### WHAT TO DO
Beginning with the top line of the listing below, give again every line up to and including the line with "Skier Dave Ryding"; pictures do not belong in the copy.

### DATA EXTRACT
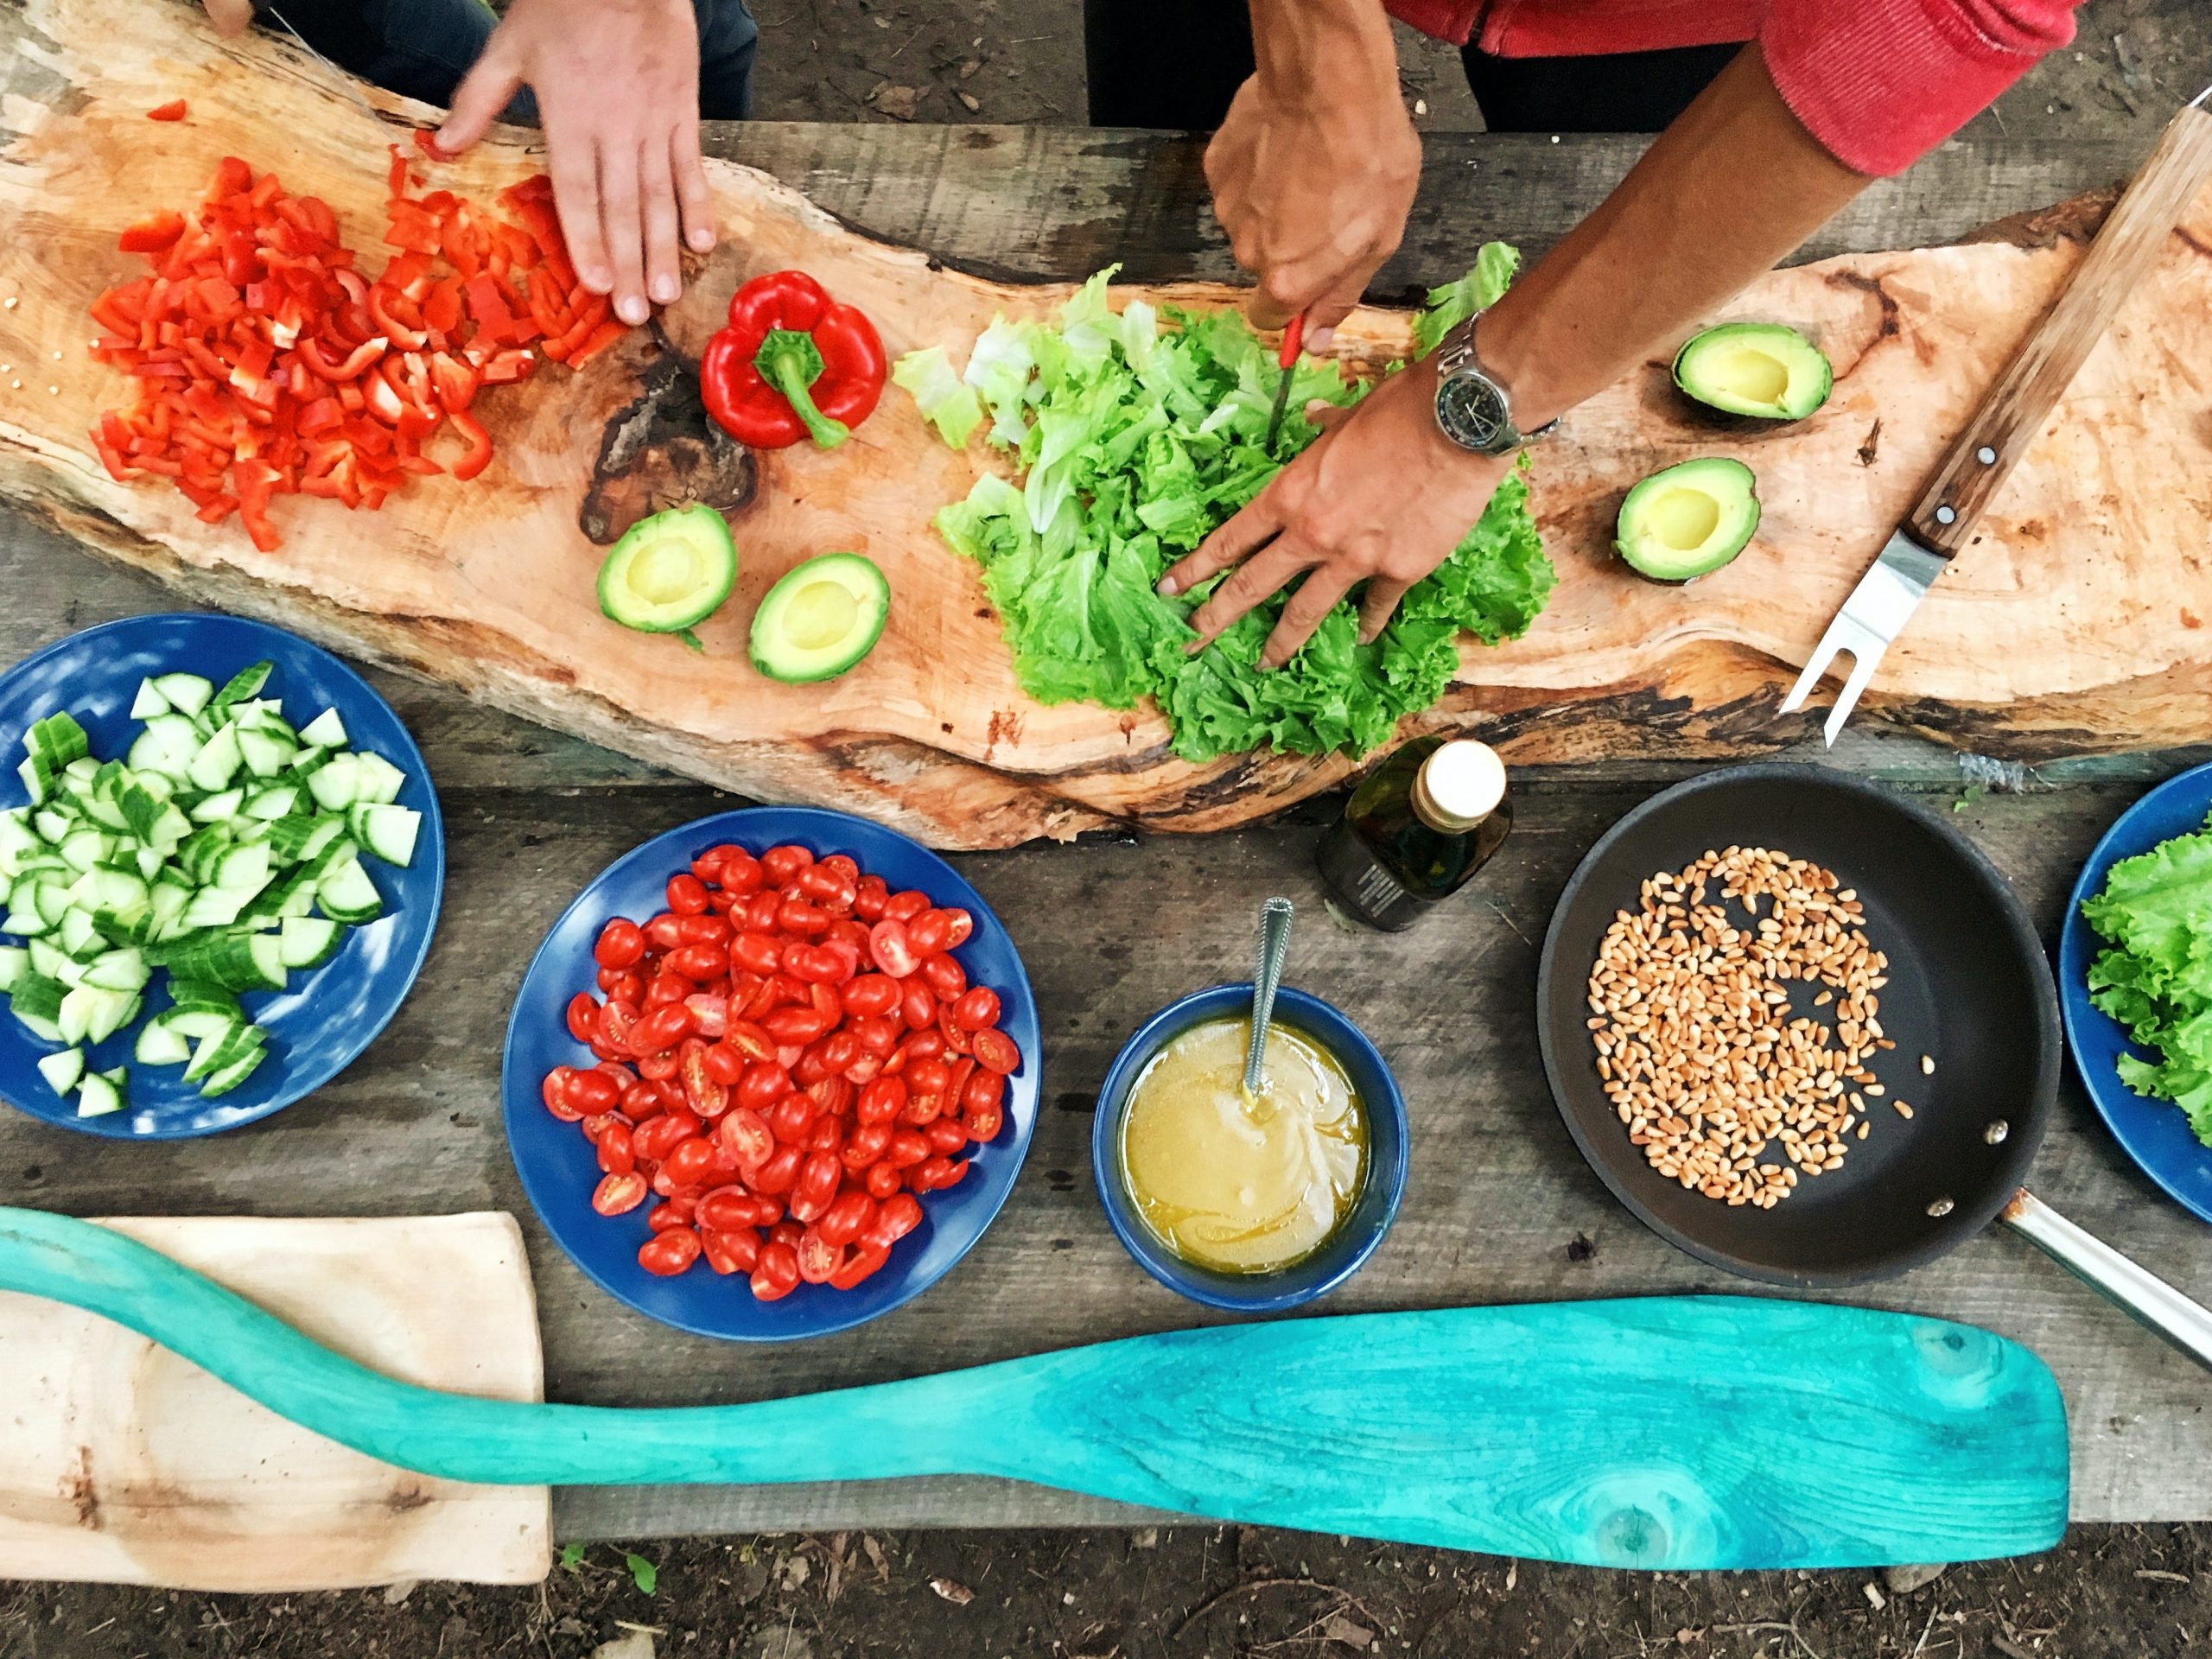 Two pairs of hands preparing food on a table filled with fresh ingredients.
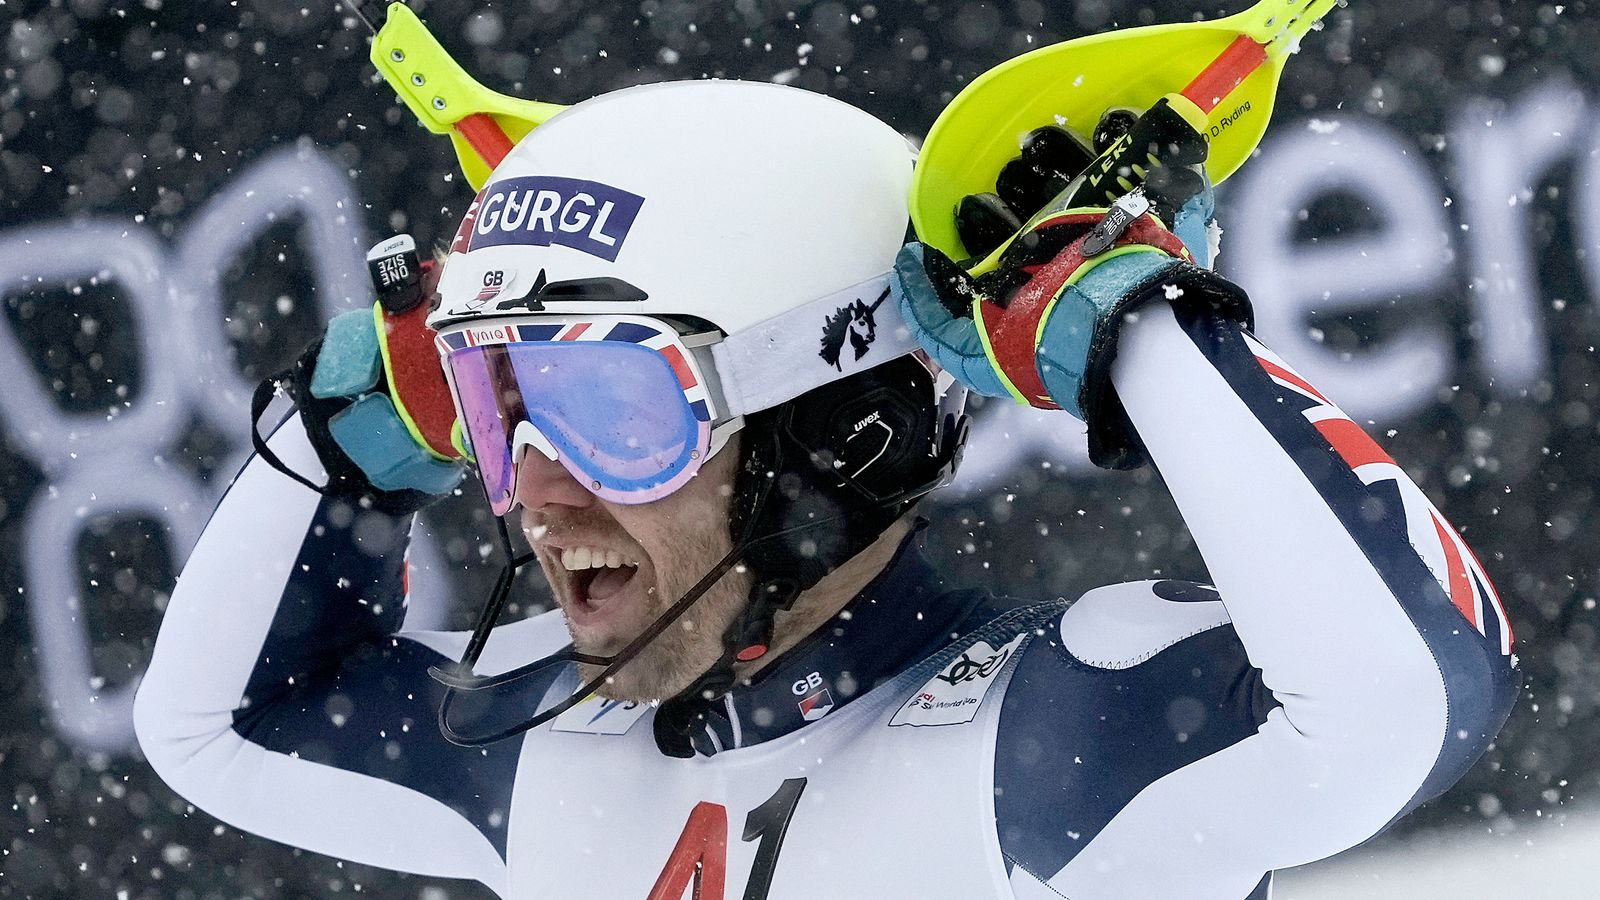 Skier Dave Ryding makes history to win Britain's first gold in alpine skiing World Cup - Sky News
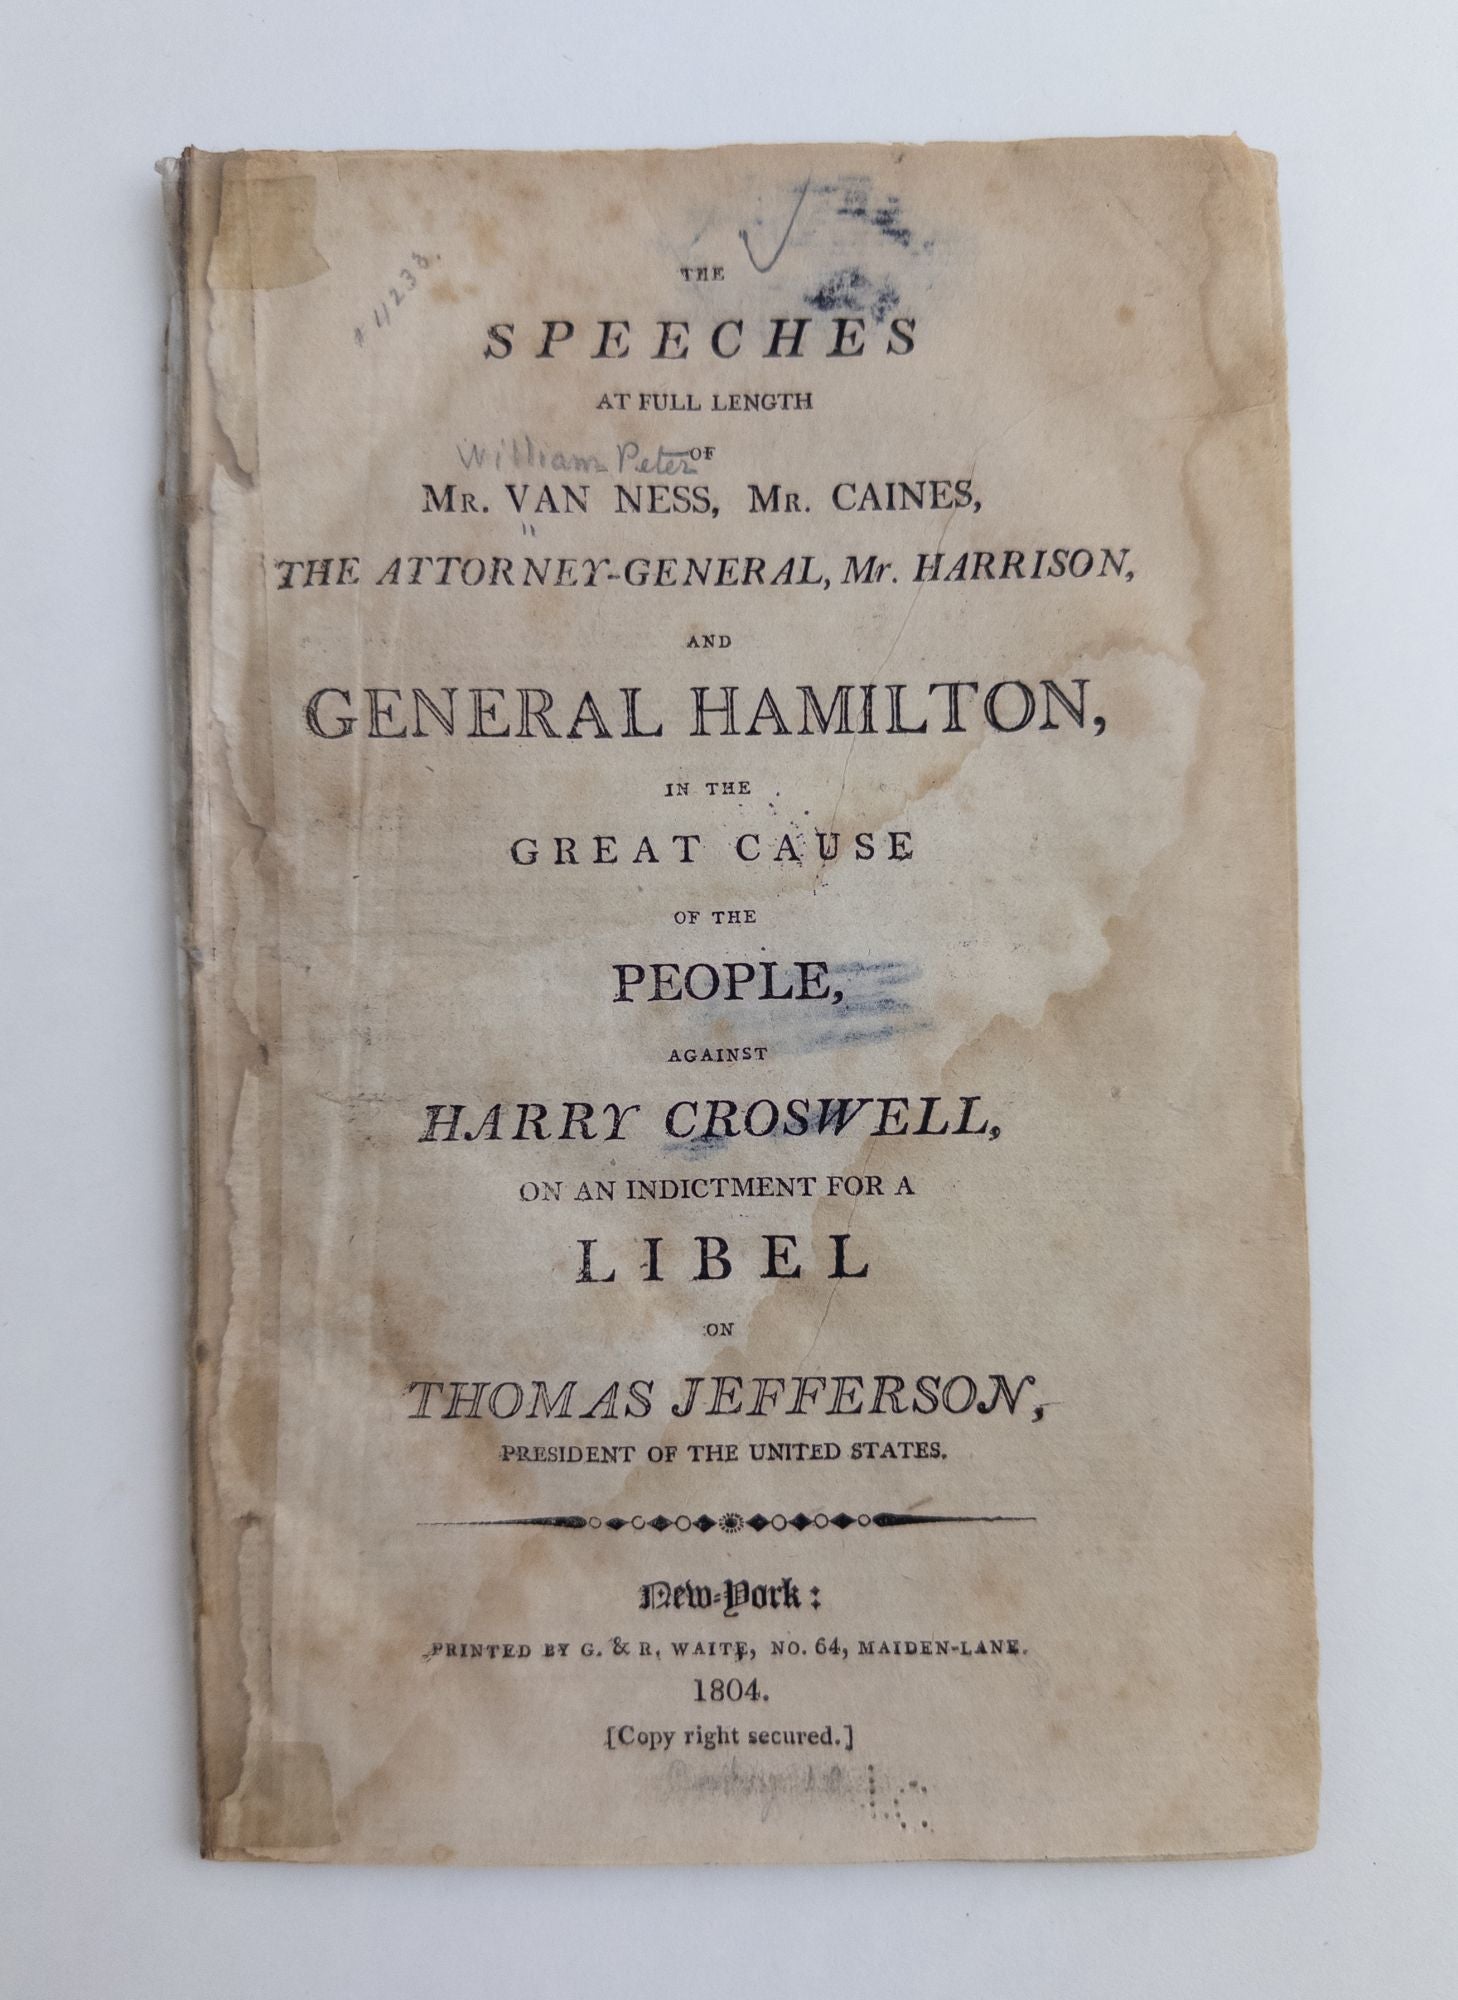 Product Image for THE SPEECHES AT FULL LENGTH OF MR. VAN NESS, MR. CAINES, THE ATTORNEY-GENERAL, MR. HARRISON, AND GENERAL HAMILTON, IN THE GREAT CAUSE OF THE PEOPLE, AGAINST HARRY CROSWELL, ON AN INDICTMENT FOR A LIBEL ON THOMAS JEFFERSON, PRESIDENT OF THE UNITED STATES

### OUTPUT OF THE EXERCISE
 Two pairs of hands preparing food on a table filled with fresh ingredients.
 Skier Dave Ryding makes history to win Britain's first gold in alpine skiing World Cup - Sky News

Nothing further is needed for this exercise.